The Good Scout

Glen Chandler
Boys of the Empire Productions
Above the Stag Theatre (Studio Theatre)

Daniel Cornish as Will Parrish, Charlie Mackay as Jacob Collier, Clemente Lohr as Gerhard Kleeman and Simon Stache as Friedrich Dorf Credit: PBG Studios
Amanda Bailey as Rose Parrish, Simon Stache as Friedrich Dorf and Clemente Lohr as Gerhard Kleeman Credit: PGB Studios
Charlie Mackay as Jacob Collier and Clemente Lohr as Gerhard Kleeman Credit: PGB Studios
Charlie Mackay as Jacob Collier and Daniel Cornish as Will Parrish Credit: PGB Studios

In 1936, Joachim von Ribbentrop became Germany’s ambassador to the United Kingdom with instructions to negotiate an Anglo-German alliance. He didn’t succeed but there were some in high places who seemed to think highly of Hitler. Lord Baden-Powell, founder of the Boy Scout movement, was an admirer of Mussolini and had described Mein Kampf as “A wonderful book with good ideas… and ideals” though adding, “that Hitler does not practice himself.”

When they met, and despite the fact that Hitler had banned the Boy Scouts in Germany and integrated all such movements into his own Hitlerjugend, they agreed on the idea of Scout visits to Germany and of Hitler Youth groups to Britain. Glen Chandler’s new play (making its London debut after an Edinburgh première) presents us with a pair of Rover Scouts, Will Parrish and his friend Jacob Collier are playing host to Hitler Youth members Gerhard Klee man and Friedrich Doff who are staying at Will’s house on one of these exchanges which, ironically it may seem now, were described as "peace and friendship tours".

With their black uniforms and swastika armbands now so loaded with significance, Gerhard is indeed a staunch Nazi, even springing up with a smart “Heil Hitler!” in response to the Führer’s appearance in a newsreel they all see in a cinema. Friedrich is a more reluctant adherent of whom his companion is protective, though he’d put obeying the Fatherland above friendship.

Rover Scouts were usually at least 17 and, since Will’s father was killed in the First World War, he must be at least that old and he is already working for a local newspaper but he and his friend seem very un-grown-up, still going off to a den they have built on an old airfield. Though they put on a skit about Hitler in a school show and one of them talks of going off to fight for the republicans in Spain, Jacob seems to finds the Germans’ uniforms and swastika armbands glamorous and perhaps Gerhard too.

When a man calling himself John Dory (Lewis Allcock) turns up claiming to be a friend of Will’s uncle and telling him that Germany is using their visitors as spies and producing as evidence a German magazine which asks those cycling overseas to make careful notes of landmarks and roads which “night one day be of use to the Fatherland,” things take on a new perspective. What had Gerhard been photographing?

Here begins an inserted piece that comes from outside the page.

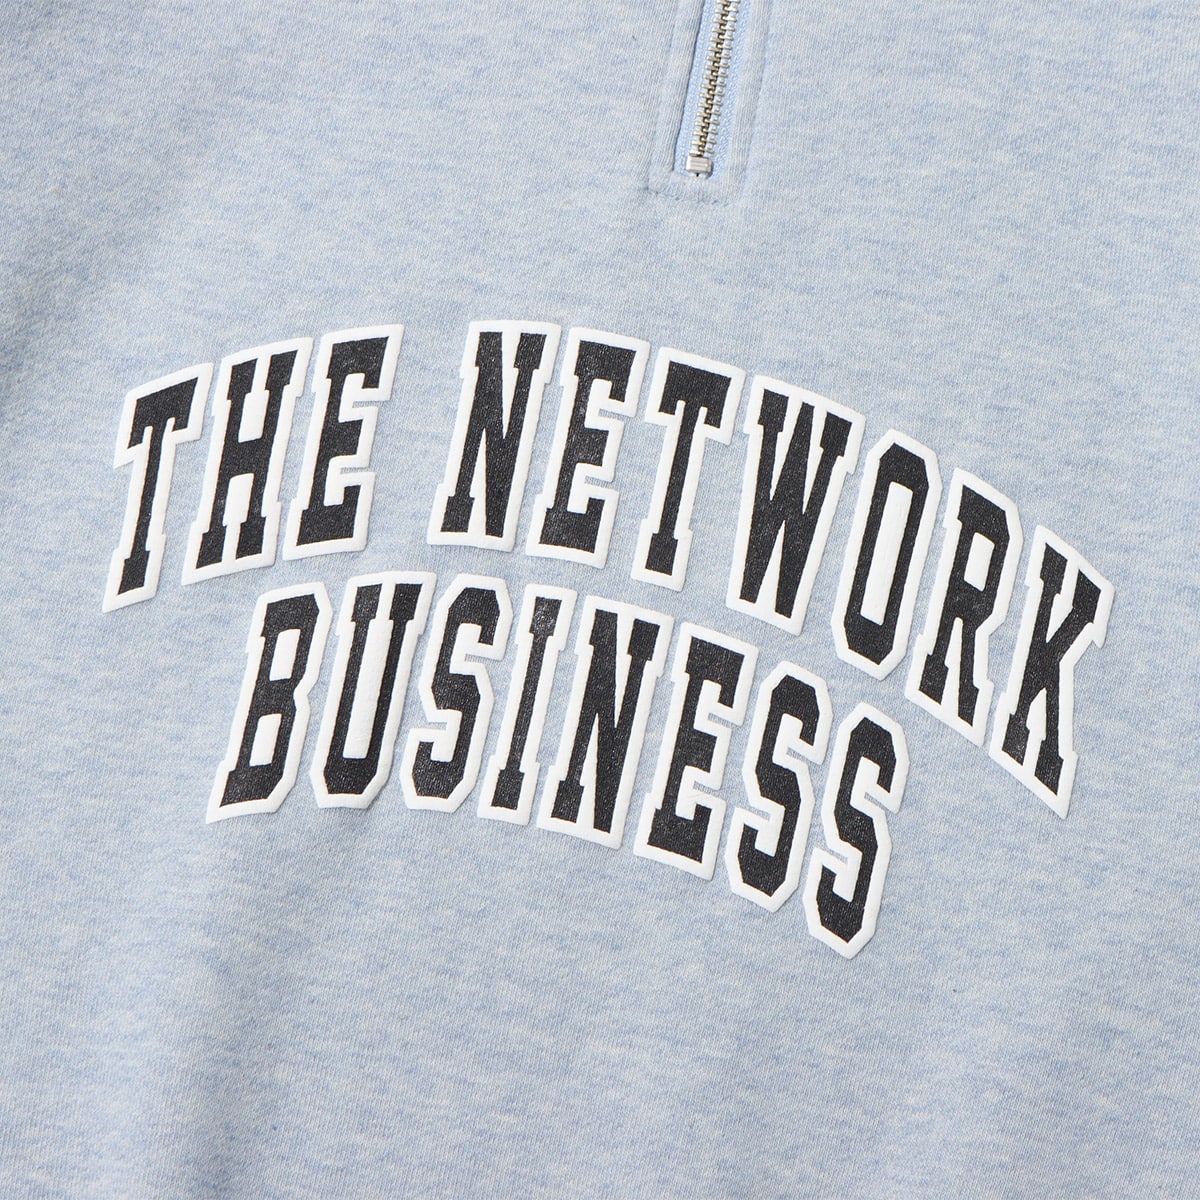 THE NETWORK BUSINESS ARCH LOGO HALF ZIP SWEAT MIX BLUE 21HO-I

Who could be trusted?

This is a story with several twists and a homosexual undercurrent of which Mrs Parrish, played with great warmth by Amanda Bailey, shows a sensitive understanding gained from knowing the closeness her husband had with a fellow soldier. Her son Will seems both blind and bigoted; it turns out he reported a teacher’s apparent misconduct. But his attitudes were accepted ones: homosexuality was then illegal in Britain and in Germany being gay was doubly dangerous (even though it seems to have been rife in some sections of the Nazi movement). This side of the story is sensitively handled and the four young men are well played. The apparent immaturity of Daniel Cornish and Charlie Mackay’s Will and Jacob contrasts well with the experience of Clement Lohr’s arrogant Gerhard and Simon Stache’s more fearful Friedrich.

The Good Scout may be fiction but it is based on fact and Chandler places it in history with a series of satirical sketches in which all the cast double. As well as an opening meeting between Baden-Powell and Ribbentrop, they include key events featuring Lord Halifax, Neville Chamberlain, Daladier, Mussolini, a dove-bearing Hitler and the Munich Conference presented as a bier fest. Their campness slightly dulls their political edge but their machinations are matched in microcosm in the scouts’ story.

This is interesting sidelight on the lead up to war that is subtly mixed with a picture of young men at a time when sexuality wasn’t a subject to be talked about. It is well worth seeing.